*What the task asks*.
Please repeat word for word the line containing "경찰, 전국체전 대비 총포·화약류 특별점검" and every following line up to and including the last one below, pictures excluded.

*Data block*.
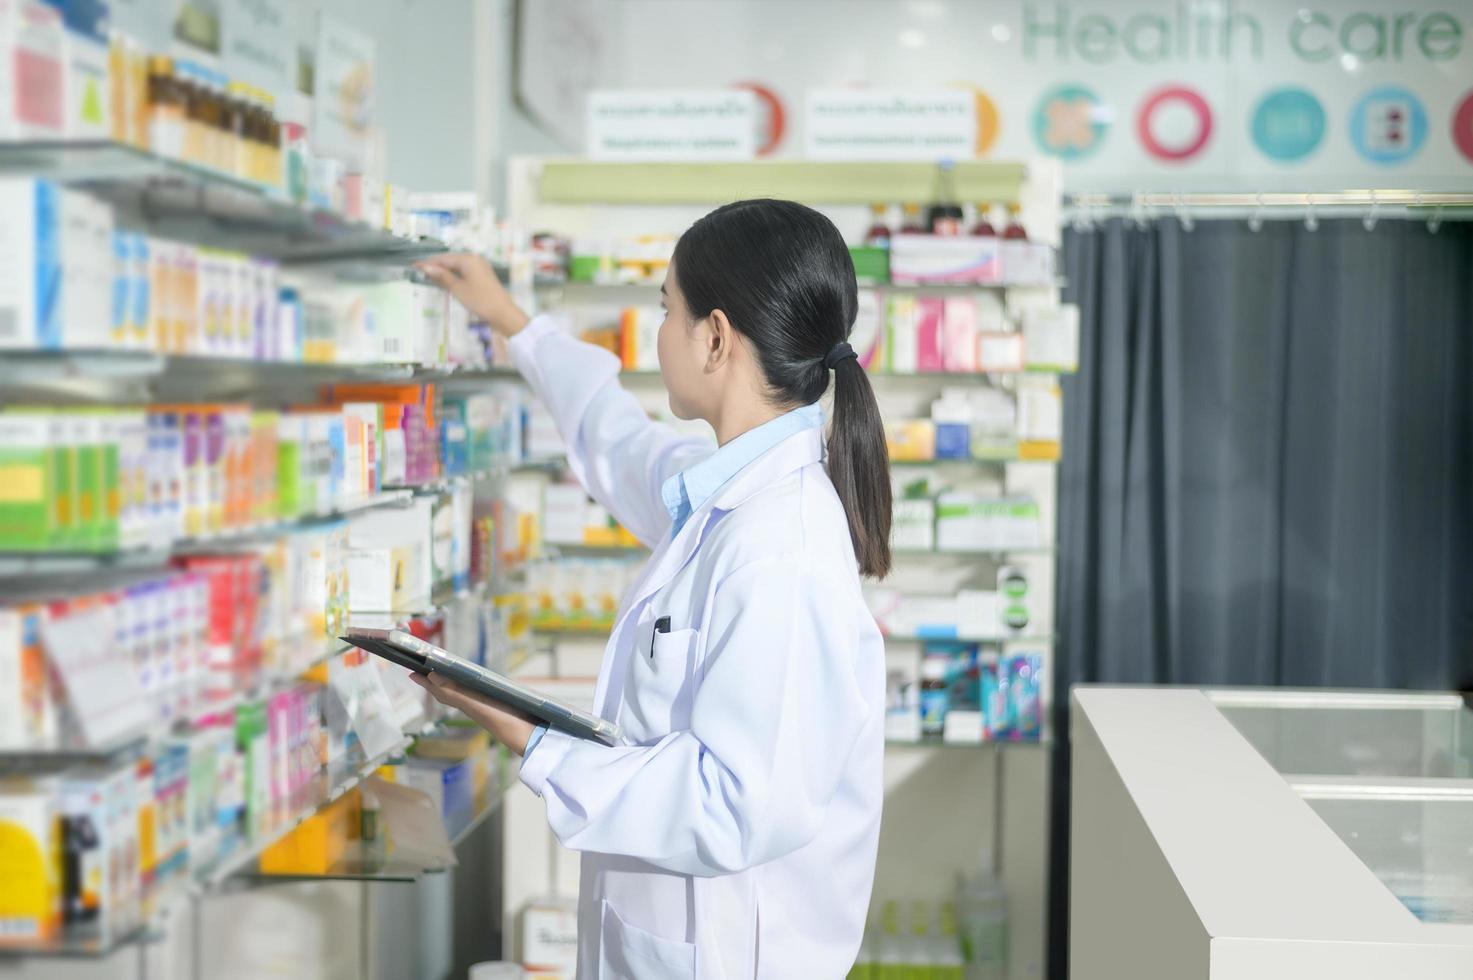 ritratto di farmacista donna che utilizza tablet in una moderna farmacia farmacia. foto
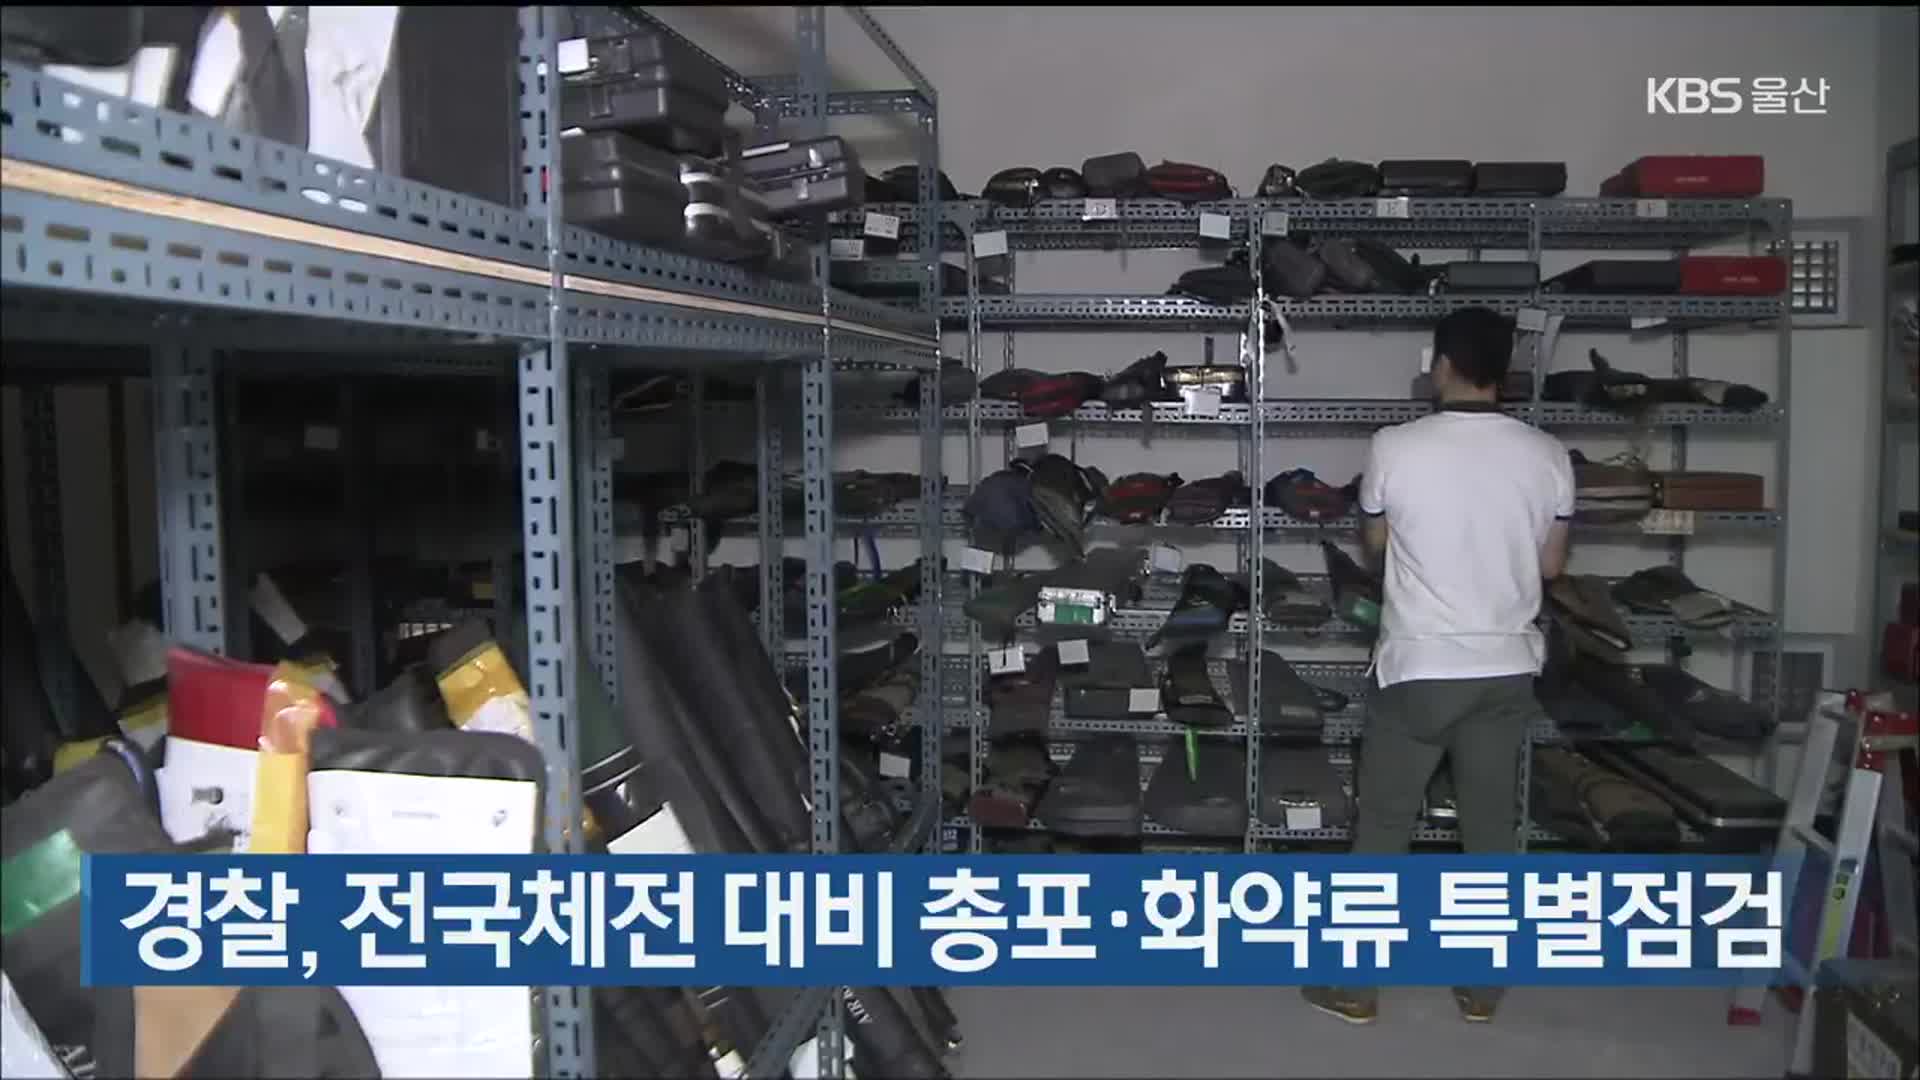 경찰, 전국체전 대비 총포·화약류 특별점검
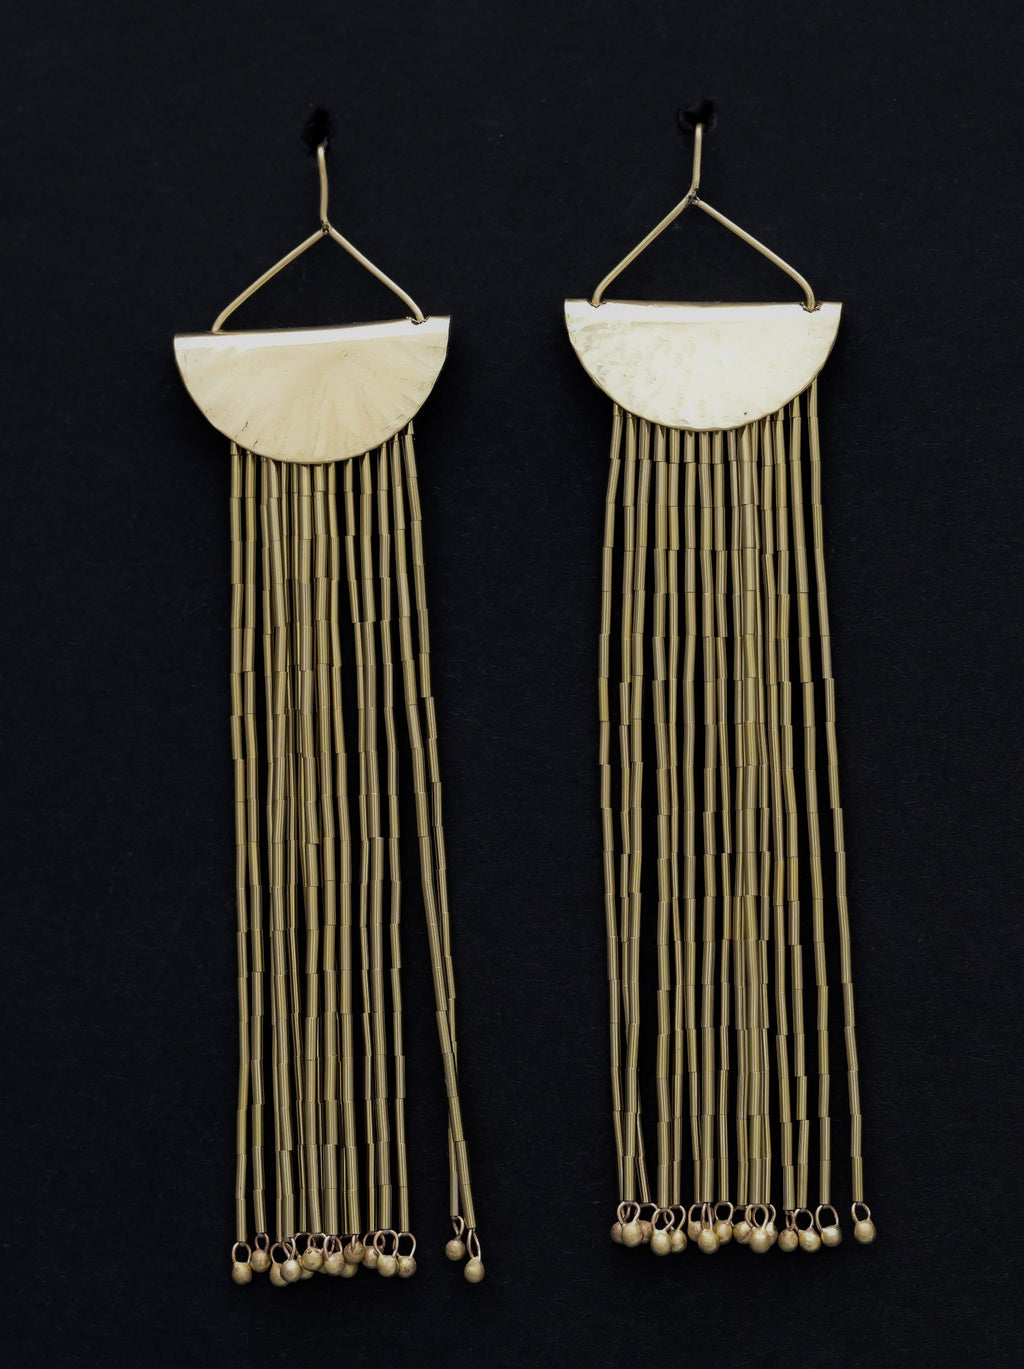 Quarter Moon earrings in Gold earrings Shrine Jewelry

*Problem solution*.
 경찰, 전국체전 대비 총포·화약류 특별점검
 Quarter Moon earrings in Gold earrings Shrine Jewelry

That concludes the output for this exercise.